= The River Merchant's Wife: A Letter =

Ezra Pound's translation of Li Bai's poem

"The River Merchant's Wife: A Letter" is a four stanza poem, written in free verse, and loosely translated by Ezra Pound from a poem by Chinese poet Li Bai, called Chánggān Xíng, or Changgan song. It first appeared in Pound's 1915 collection Cathay. It is the most widely anthologized poem of the collection.

== Reception==
In addition to "The Jewel Stairs' Grievance" and "The Exile's Letter", also included in the collection, Zhaoming Qian has referred to "The River Merchant's Wife" as an "imagist and vorticist [masterpiece]". On the other hand, Pound's text has been criticised for losing some of the Chinese cultural specifics of the original.

The poem is written from the perspective of a girl married to a river merchant, and describes her gradually increasing affection for him and the pain she feels when he is away.

== Summary ==
The first stanza of the poem introduces a young girl, the narrator of the poem, who describes her life through childhood imagery of playfulness and innocence. It recounts how she married her husband when they were both very young and innocent. She was shy and seemed unhappy as she didn't respond when spoken to and kept her head bowed.
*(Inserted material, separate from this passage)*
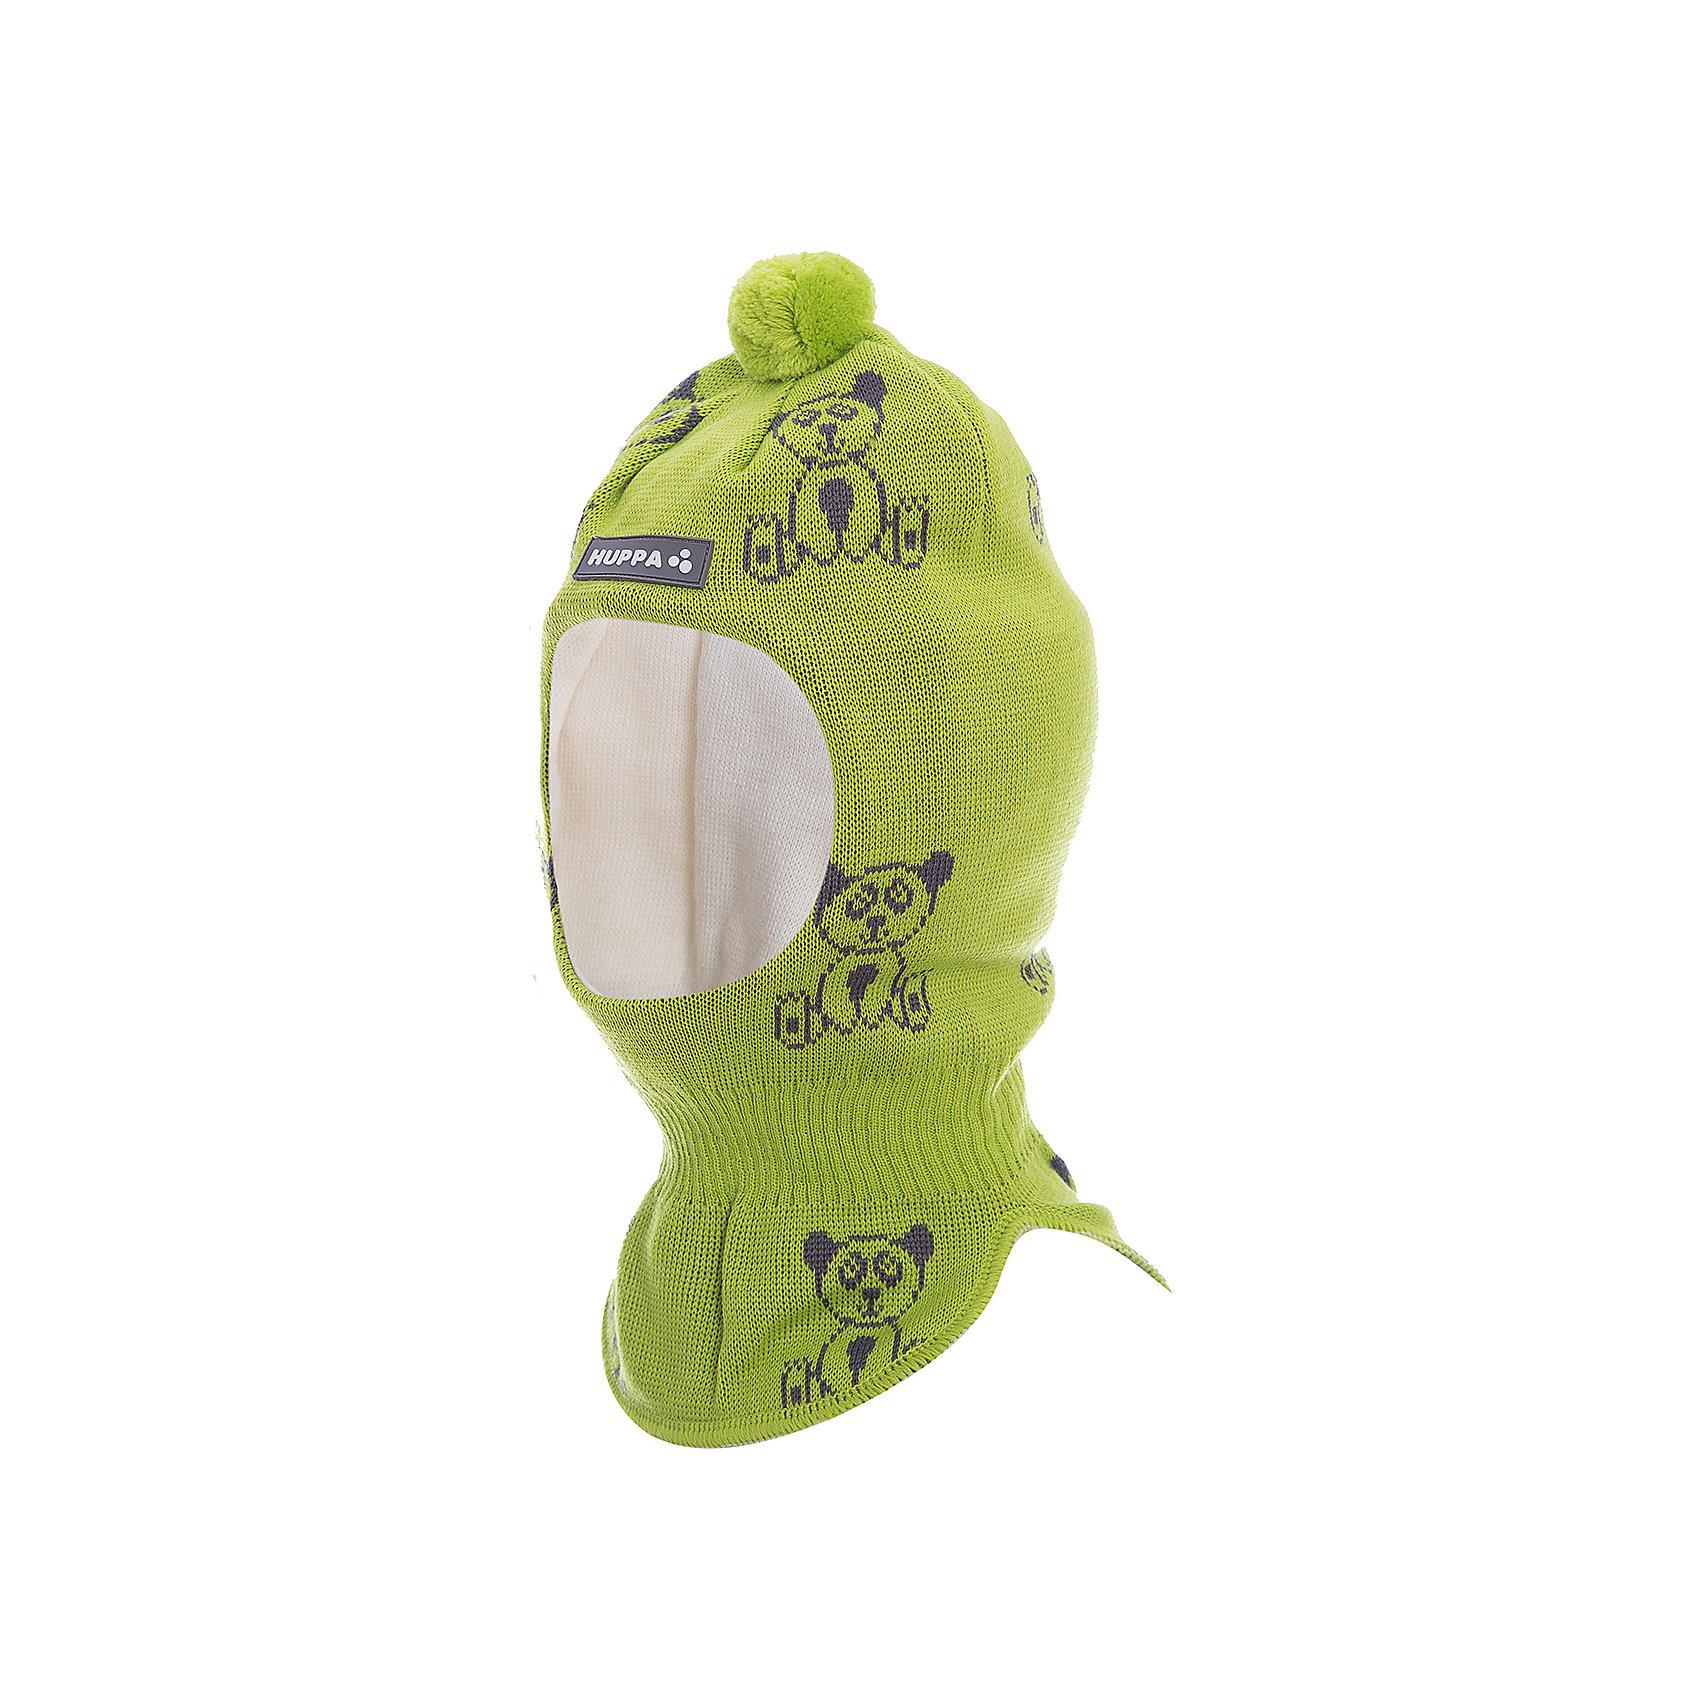 Шапка-шлем KELDA HuppaГоловные уборы<br>Вязаная шапка-шлем для детей KELDA.Теплая вязаная шапочка на хлопковой подкладке, прекрассно подойдет для повседневных прогулок в холодную погоду.<br>Состав:<br>50% мерс.шерсть, 50% акрил<br><br>Ширина мм: 89<br>Глубина мм: 117<br>Высота мм: 44<br>Вес г: 155<br>Цвет: зеленый<br>Возраст от месяцев: 3<br>Возраст до месяцев: 12<br>Пол: Унисекс<br>Возраст: Детский<br>Размер: 43-45,51-53,47-49<br>SKU: 7029381

When she was fifteen, a year after she got married, she fell deeply in love with her husband, to whom she previously referred as My Lord. She wanted to live and die with him. The second stanza describes the passionate love of a young couple.

In the third stanza, she recounts how her husband left for work as a fisherman and left her behind. He has gone now for five months and even the monkeys in her village seem sorrowful to her.